Original Flash Gordon comic strip sells for $512,000
As we forecast in our recent extensive feature covering the 2019 science and technology auction year, science fiction memorabilia is hot and getting hotter, regardless of COVID-19. This was validated with the US$512,000 sale last week of the original Sunday comic strip artwork for Flash Gordon #1 – the first appearance of the most influential of all American space opera comic strips. The comic strip artwork sold for $512,000 at Profiles in History, with the original artwork for the first comic strip featuring Jungle Jim, another of Alexander Raymond's creations, fetching $96,000.
The space opera genre began in 1928 when Buck Rogers made his first appearance in Amazing Stories, a science fiction magazine, in August 1928, when he featured in a story entitled Armageddon 2419 A.D. by Philip Francis Nowlan. Buck went on to stardom, at first in a syndicated newspaper comic strip (1929) then a radio program in 1932 and finally a television series. The popularity of the Buck Rogers comic strip meant rival newspaper comic strip syndicates had to produce their own space operas in order to compete.
In late 1933, King Features Syndicate assigned Alexander Raymond to create a Sunday comic page to compete against Buck Rogers and the result was the visually captivating science-fiction epic adventure Flash Gordon that quickly developed an audience far surpassing that of the Buck Rogers franchise.
Raymond’s first Flash Gordon strip debuted on January 7, 1934, introducing the handsome “Flash Gordon, Yale graduate and world-renowned polo player” and his lovely companion, Dale Arden, who parachute out of a crashing plane and are Shanghaied by Dr. Hans Zarkov aboard his rocket ship launched to intercept the threatening planet Mongo hurtling towards Earth.
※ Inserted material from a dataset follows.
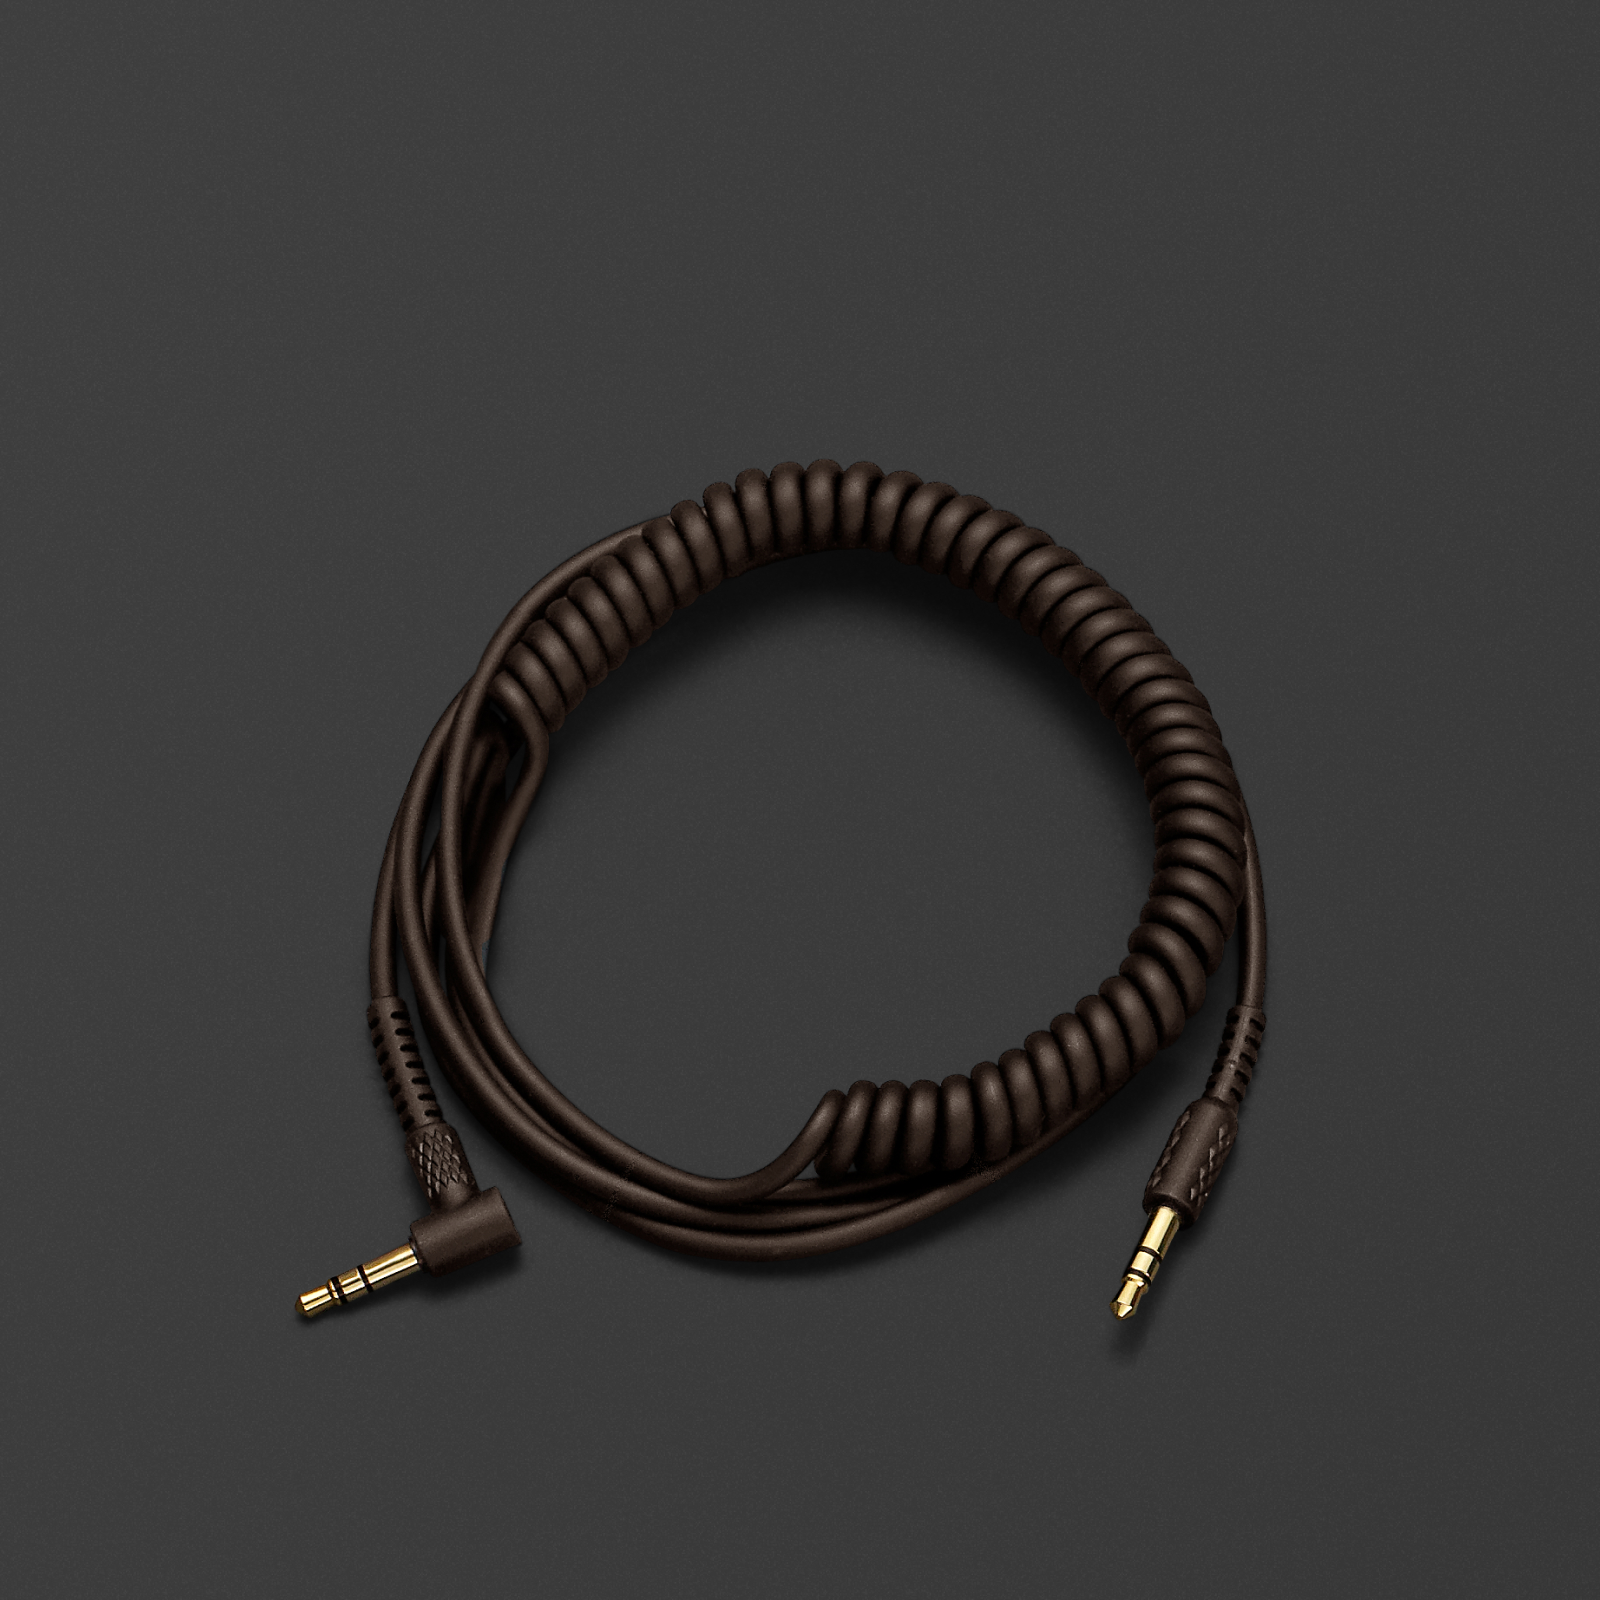 A brown coiled HEADPHONE AUDIO CABLE on a black surface. Brand Name: Marshall.

Thus began the fantastical space opera that, by the late 1930s, was published in 130 newspapers across the globe, translated into eight languages, and read by over 50 million people each week. Quite soon, Flash Gordon was the star of novels and comic books.
As media evolved, so too did Flash Gordon. In 1935, the weekly comic strip was adapted into a 26-episode weekly radio serial entitled The Amazing Interplanetary Adventures of Flash Gordon, a 26-episode weekly radio serial. In late 1935, a daily Flash Gordon radio show began, running four days a week for 60 episodes.
As previously mentioned, the very first appearance of Buck Rogers in a 1928 science fiction magazine entitled Amazing Stories began the entire space opera genre. A copy of the magazine sold at auction last year for $1250.